Teoria poliwagalna przedstawia funkcjonowanie naszego autonomicznego układu nerwowego (AUN). Zasadza się ona na trzech głównych pojęciach. Są nimi: hierarchia, neurocepcja i koregulacja.

Hierarchia opisuje nerw błędny jako główny element przywspółczulnego układu nerwowego. W TP wyodrębnia się dwie ścieżki aktywacji AUN: ventral vagal, tj. ścieżkę nerwu błędnego brzusznego oraz dorsal vagal, czyli ścieżkę nerwu błędnego grzbietowego. Najstarsza w hierarchii filogentycznej jest ścieżka grzbietowa. Szacuje się, że powstała już ponad 500 milionów lat temu. Część grzbietowa nerwu błędnego to system immobilizacji ciała, w której dochodzi do zapadnięcia się (od ang. collapse) i znieruchomienia (od ang. shutdown) ciała. Funkcjonując w ramach tej ścieżki, będziemy starali wtapiać się w tło, stawać się niewidzialni, mając nadzieję, że uda nam się jakoś przetrwać w otaczającej nas rzeczywistości. To z tą ścieżką powiązana jest np. dysocjacja. Dochodzi tutaj do spadku tętna, oddech staje się płytszy, zmniejsza się dopływ krwi do mózgu. Drugim, młodszym elementem jest układ współczulny. Pojawił się około 400 milionów lat temu. Z nim jesteśmy najbardziej zaznajomieni. To system walki lub ucieczki (fight or flight response), angażujący nasze ciało do działania. Najmłodsza część nerwu błędnego, nerw błędny brzuszny, wyodrębnił się około 200 milionów lat temu. Funkcjonowanie w ramach ścieżki nerwu błędnego brzusznego jest tożsame z naszą ssaczą naturą. Będąc pod jego wpływem, wchodzimy w relacje z innymi ludźmi, czując się bezpieczni, mając poczucie przynależności.

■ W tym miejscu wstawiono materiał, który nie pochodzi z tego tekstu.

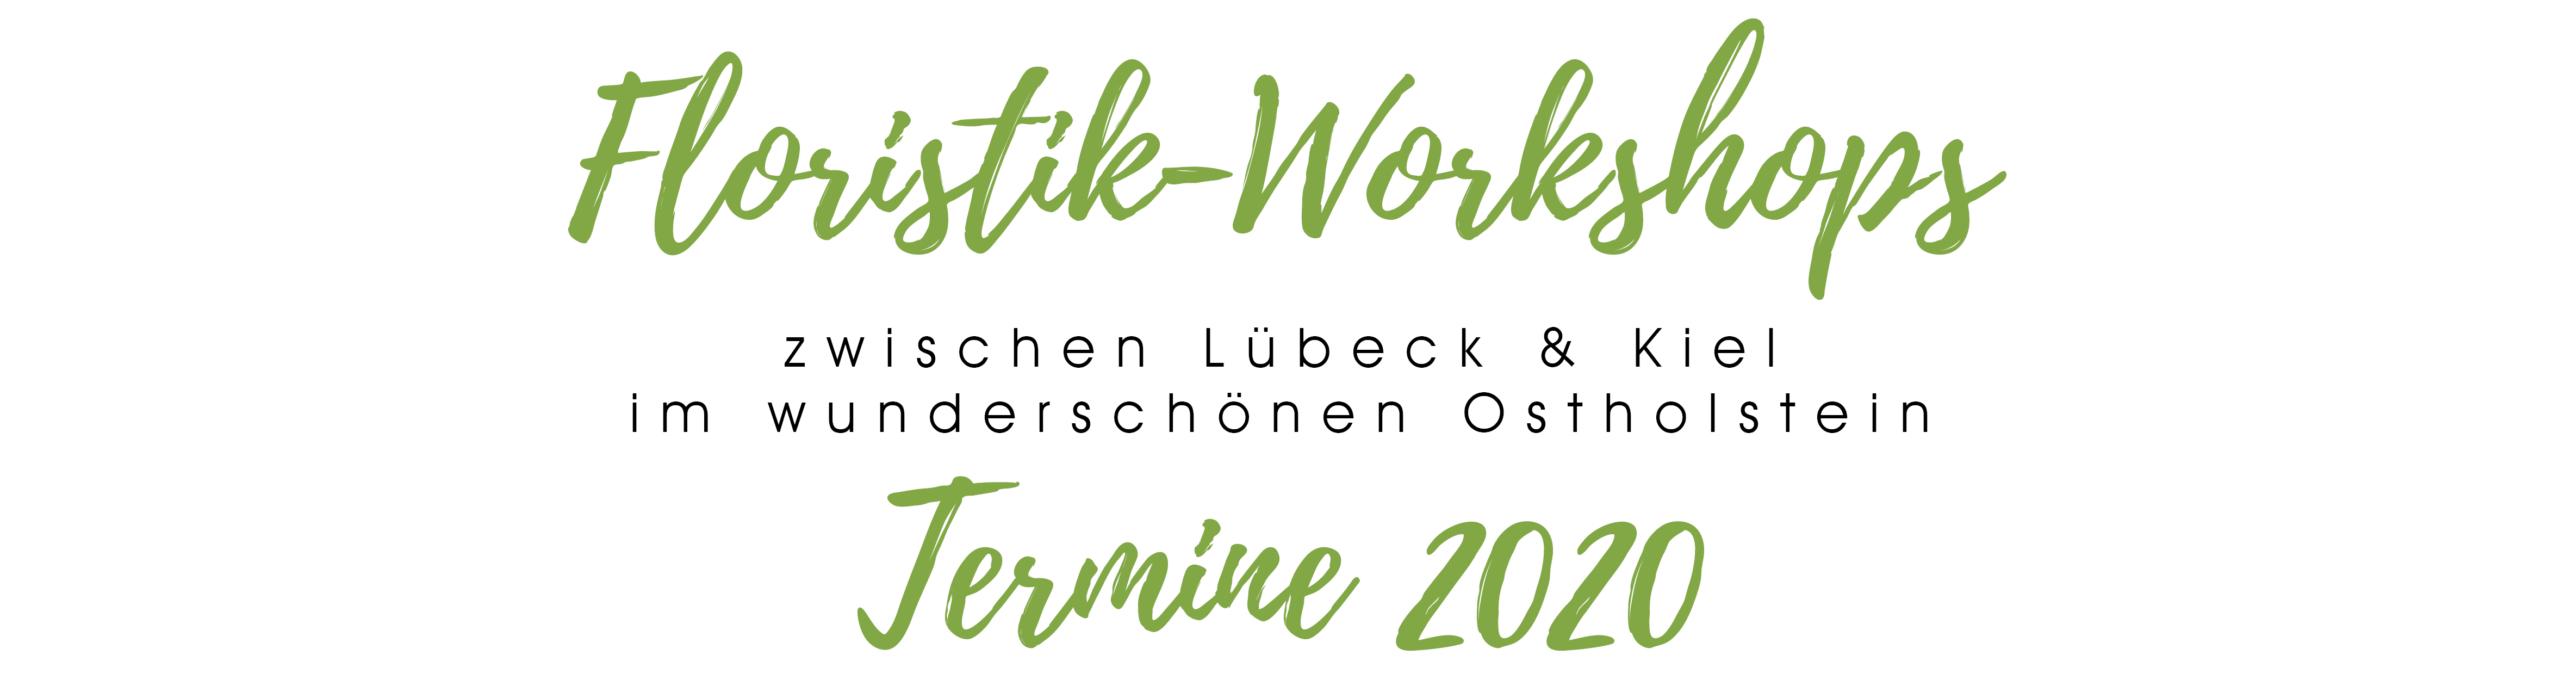 Floristik Workshops in Ostholstein

Pozostałe dwa założenia teorii poliwagalnej to: neurocepcja i koregulacja.

Neurocepcja to widzenie/zauważanie/odbieranie informacji z ciała, środowiska i w relacjach z innymi ludźmi, które odbywa się bez udziału ośrodków korowych – jest to, jak to Porges opisuje, wykrywanie czegoś bez udziału naszej świadomości.

Koregulacja dotyczy regulacji stanów autonomicznego układu nerwowego. Jej głównym celem jest tutaj przesuwanie się na ścieżkę błędną brzuszną tak, aby we wzajemnych relacjach mieć poczucie przebywania w bezpiecznej przystani wzajemnego połączenia.

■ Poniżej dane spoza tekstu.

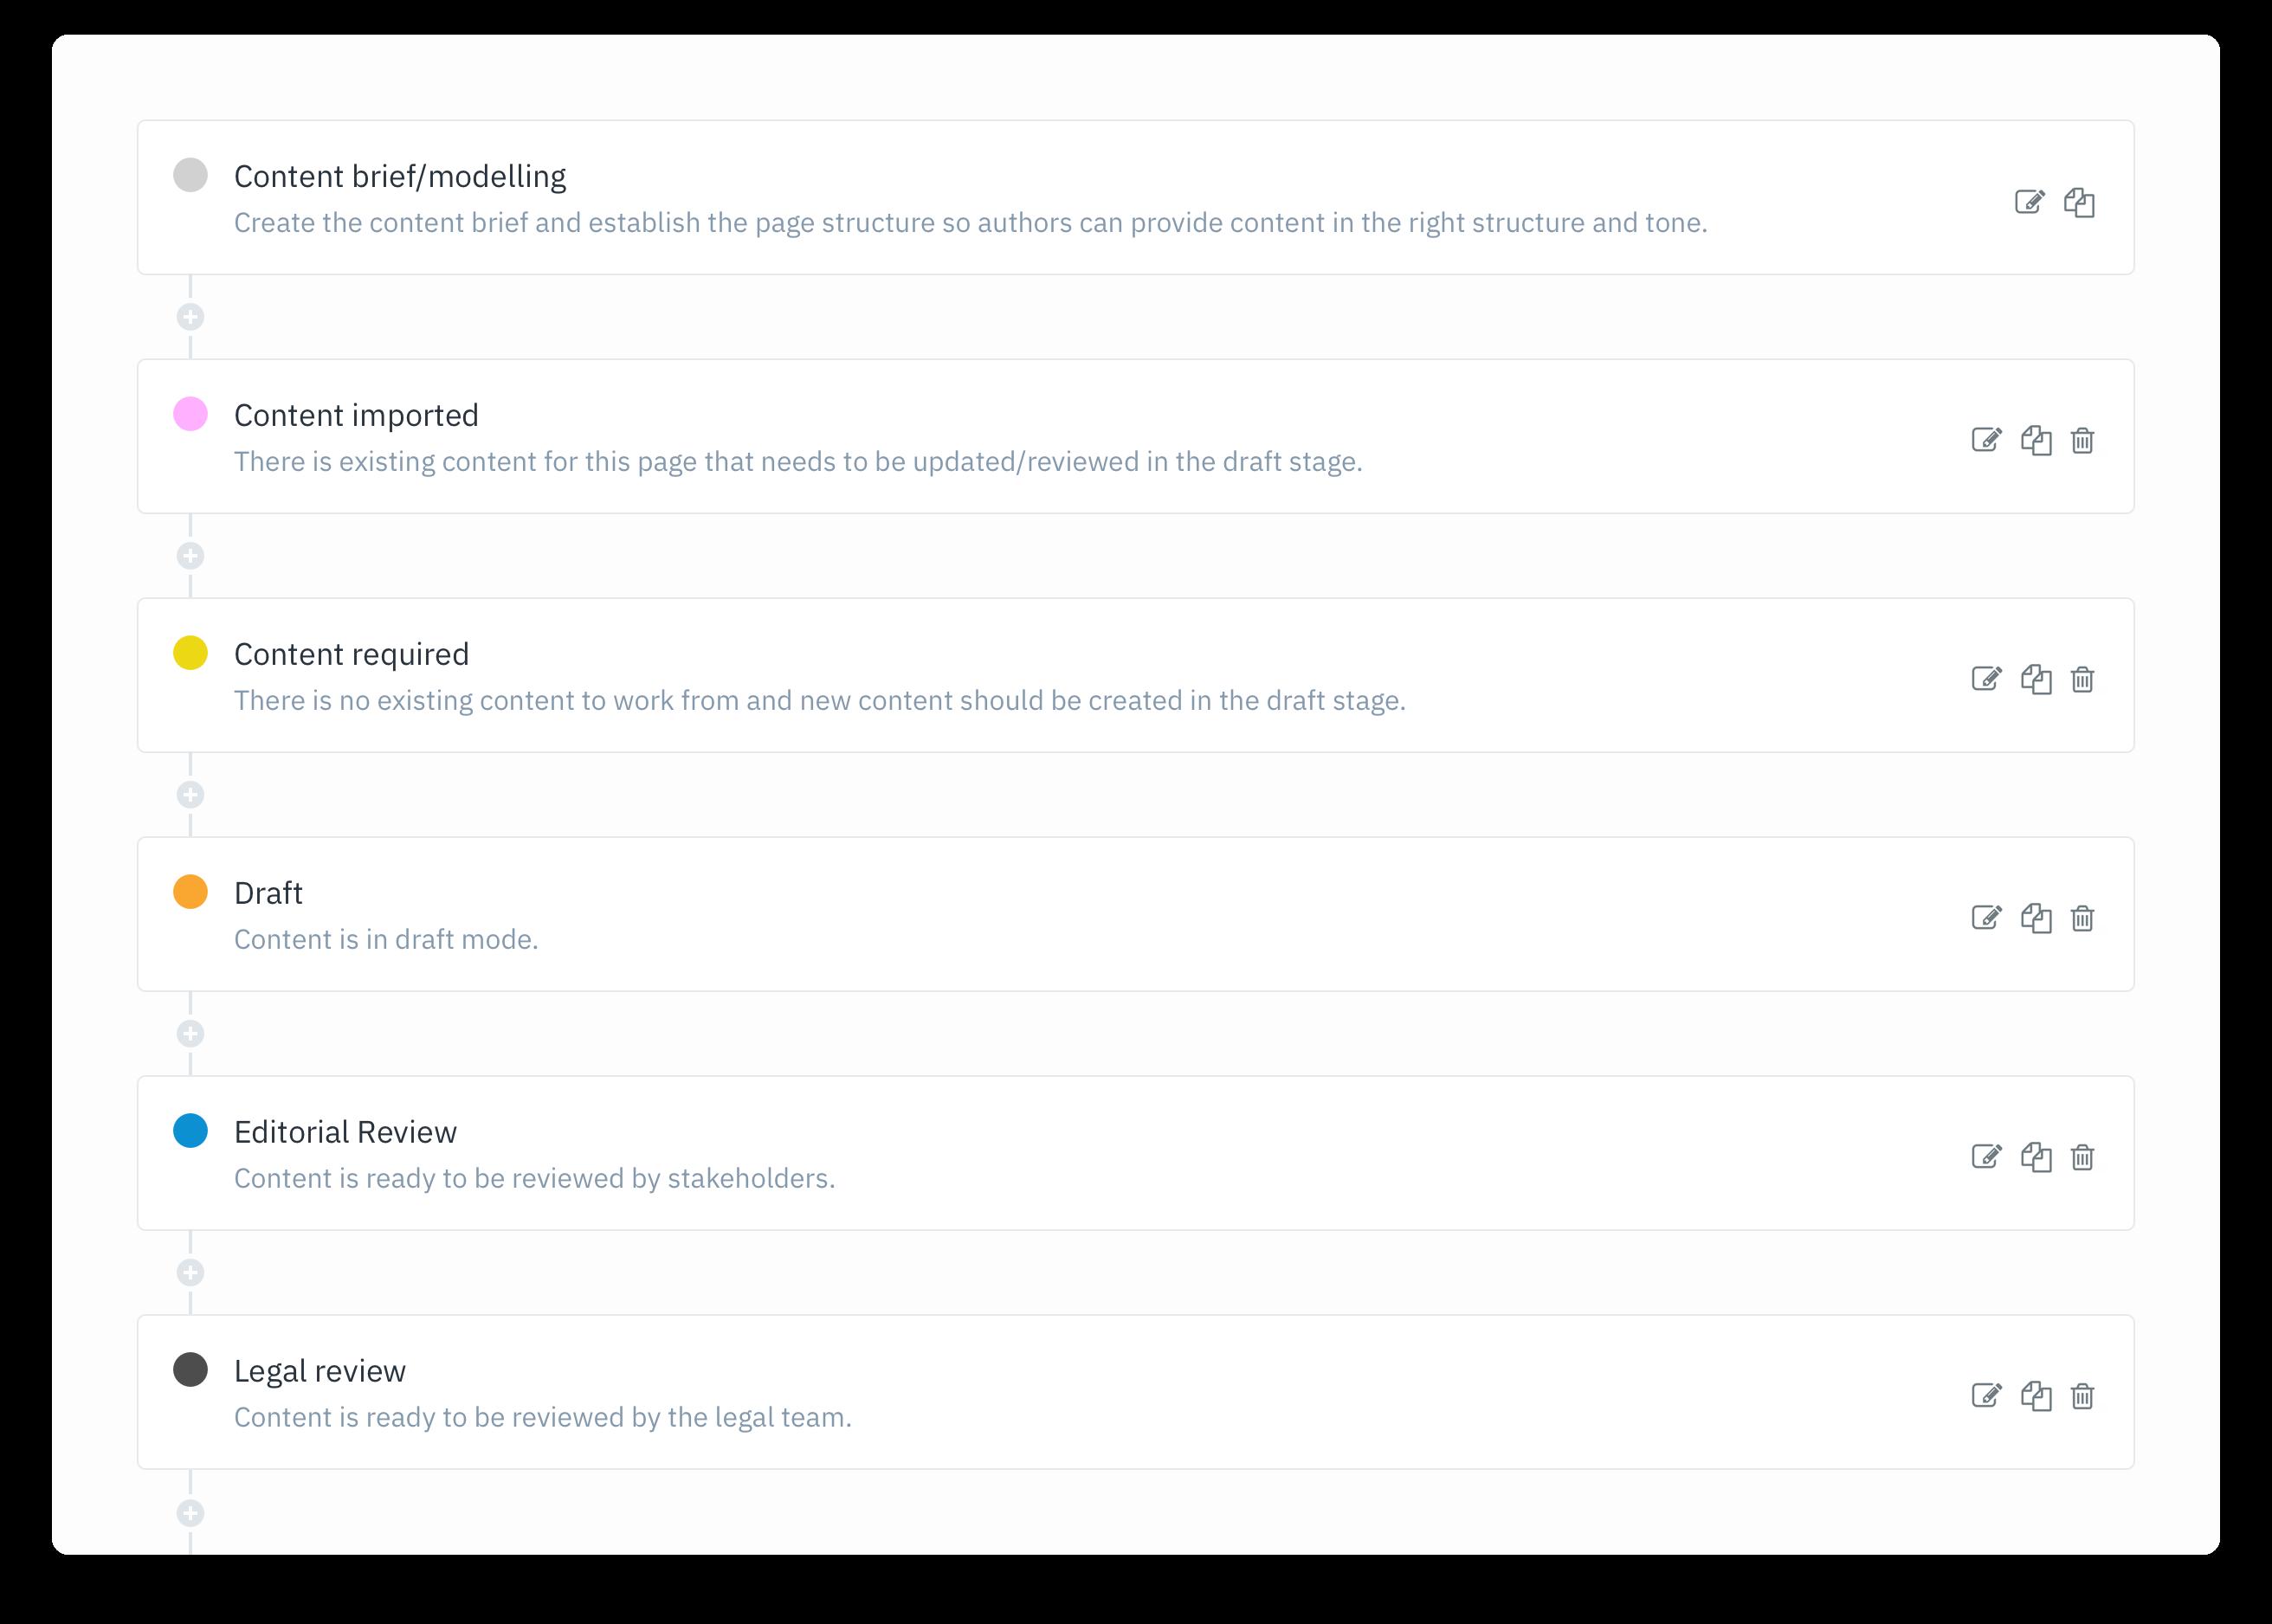 GatherContent Website Redesign Content Workflow

Z książki dowiemy się, jak tworząc mapę autonomicznego układu nerwowego, lepiej zaznajomić się z jego funkcjonowaniem. Pomocnym jest stworzenie własnego profilu osobistego, przyglądanie się sobie i głębsza refleksja.

Książka obfituje także w szereg praktycznych ćwiczeń i arkuszy, umożliwiających poruszanie się w kierunku bliskości, bezpieczeństwa i łączności z innymi ludźmi.

Niewątpliwą zaletą teorii poliwagalnej jest jej łatwa integralność z różnymi podejściami terapeutycznymi.

Z przyjemnością zachęcam Was do lektury tej książki.